• Deferred Underwriting Compensation in Public Offerings: FINRA Proposes to Expand the Scope of Deferred Compensation Arrangements Permitted in Engagement Letters for Public Offerings, but Subject to Significant New Requirements
  • June 28, 2012
  • Law Firm: Sullivan Cromwell LLP - New York Office
  • FINRA proposes to amend Rule 5110, the Corporate Financing Rule, to permit a broader range of deferred compensation arrangements between member firms and issuers regarding future public offerings, provided the arrangements meet two significant new requirements.
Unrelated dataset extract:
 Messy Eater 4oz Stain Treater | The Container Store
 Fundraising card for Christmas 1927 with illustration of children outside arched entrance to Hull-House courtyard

Under the proposal, engagement letters for underwriting and financial advisory services will be permitted to include termination fees and rights of first refusal, but must specify that any future underwriting fees be reasonable or customary and must permit the issuer to terminate these arrangements for cause. As is currently the case, the arrangements also must be limited to two or three years in duration as described below. While the proposal will provide member firms more flexibility to negotiate deferred compensation arrangements with their issuer clients, they should consider the potential impact of the proposed new requirements on their engagement letter practices. Separately, FINRA also proposes to amend Rule 5110 to exempt a broader range of exchange-traded fund (“ETF”) offerings from the filing requirement of the Rule. FINRA has asked for comments on the proposals by July 23, 2012.